Protein turnover through endolysosomal degradation and the ubiquitin proteasome system are critical for maintaining protein homeostasis. These pathways protect the cell from accumulation of misfolded proteins, coordinate critical signaling processes, and facilitate recycling pathways that are central to cellular health. An integral member of these systems is the E3 ubiquitin ligase CHIP, which facilitates the turnover of damaged or terminally misfolded proteins. Canonically, substrate recognition by CHIP is dependent on Hsp70 or Hsp90 chaperones, which serve as intermediaries between a misfolded client and CHIP. However, emerging evidence suggests that CHIP also has the capacity to recognize substrates independent of a chaperone binding partner. In this dissertation, we explore the biological relevance of such chaperone-independent substrates by exploring interactions predicted by a biophysical scoring function we previously developed, termed CHIPscore.

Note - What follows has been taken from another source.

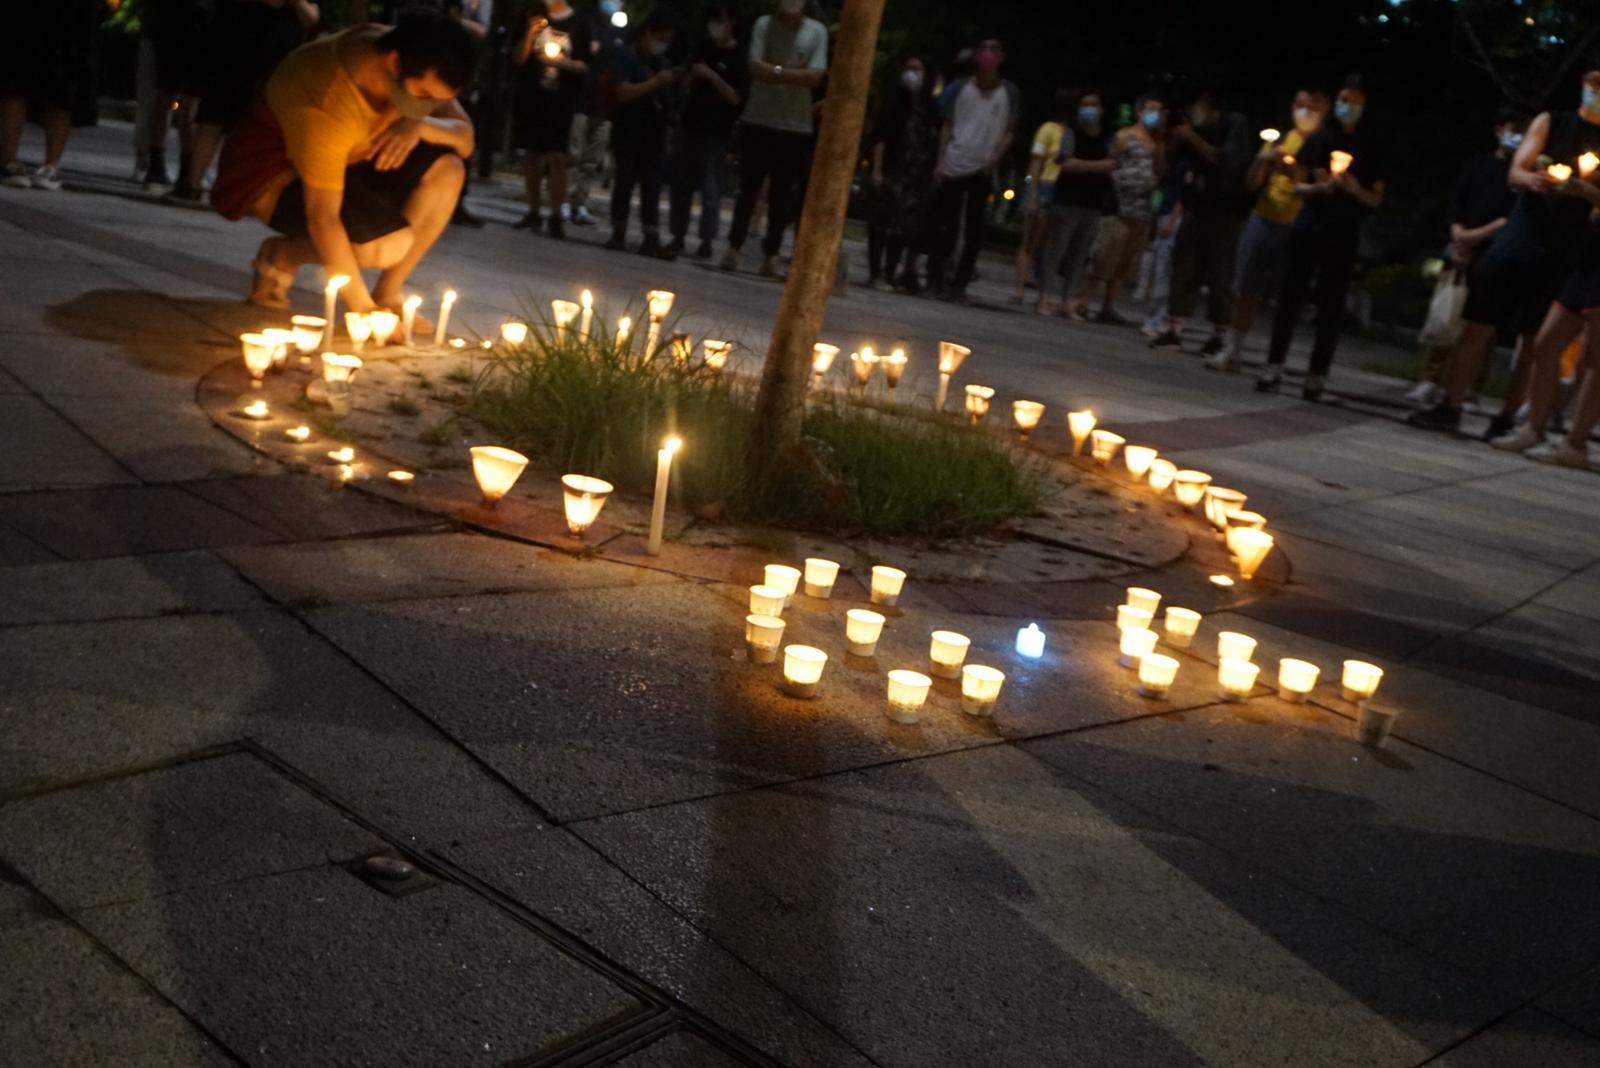 6月4日晚8時左右,香港屯門約千人集會點亮燭光紀念六四。(梁珍/大紀元)
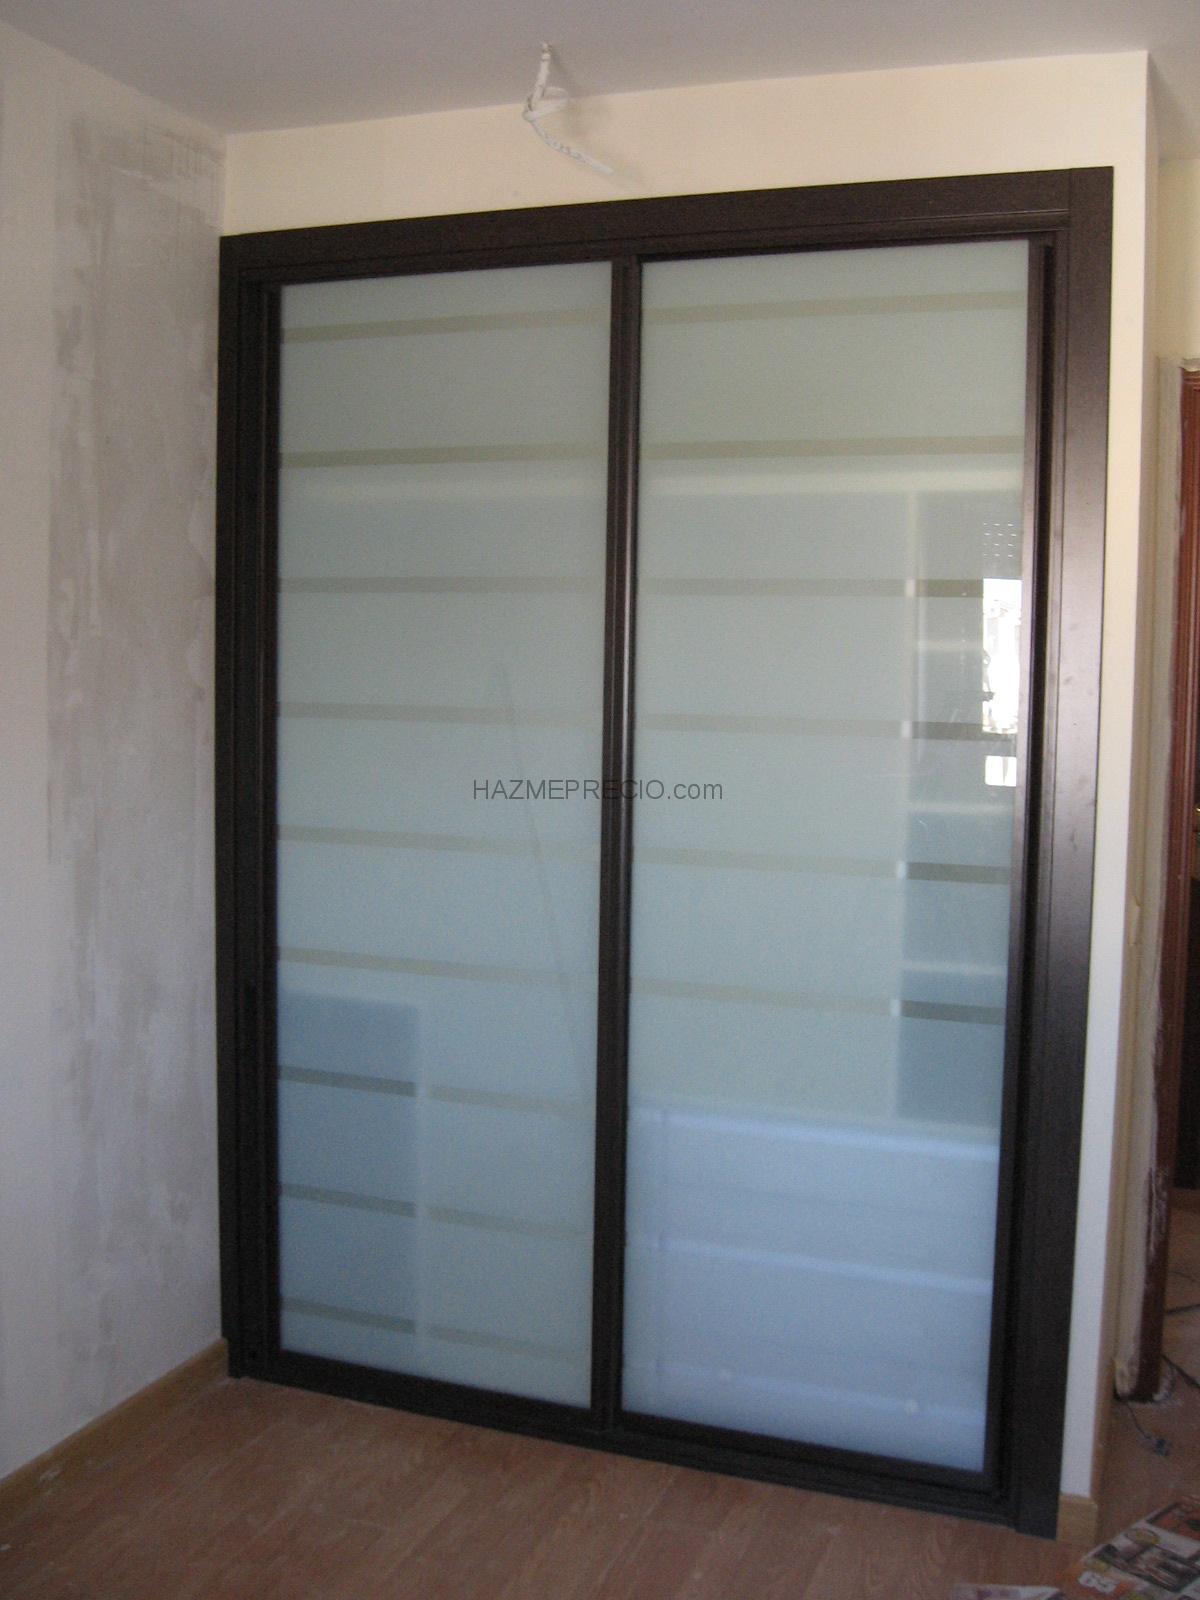 Arquimedes carpinteria 10200 trujillo caceres for Armario puertas correderas wengue

In the first chapter, I and others describe one such interaction between CHIP and the relatively uncharacterized, membrane-anchored protein CHIC2. We find that CHIC2 binding strongly attenuates CHIP activity, and that CHIC2 knockout phenocopies CHIP knockout in certain cell types, implying that chaperone-independent interactions can sometimes predominate CHIP’s biological functions. Furthermore, loss of the CHIP-CHIC2 interaction induces neurodegeneration and shortens lifespan in C. elegans, demonstrating that formation of this chaperone-independent complex is important in animals. We propose that CHIC2 attenuates CHIP activity at the membrane, offering a novel mechanism by which this ubiquitin ligase can be regulated.
In the second chapter, I explore additional chaperone-independent interactors beyond CHIC2 that are predicted by CHIPscore. In preliminary results, I demonstrate interactions between CHIP and three additional proteins. These proteins are completely uncharacterized and reside at different subcellular localizations, suggesting that CHIP may be regulated at various locations within the cell through mechanisms that are not yet understood. This work opens substantial new avenues upon which future studies should be based.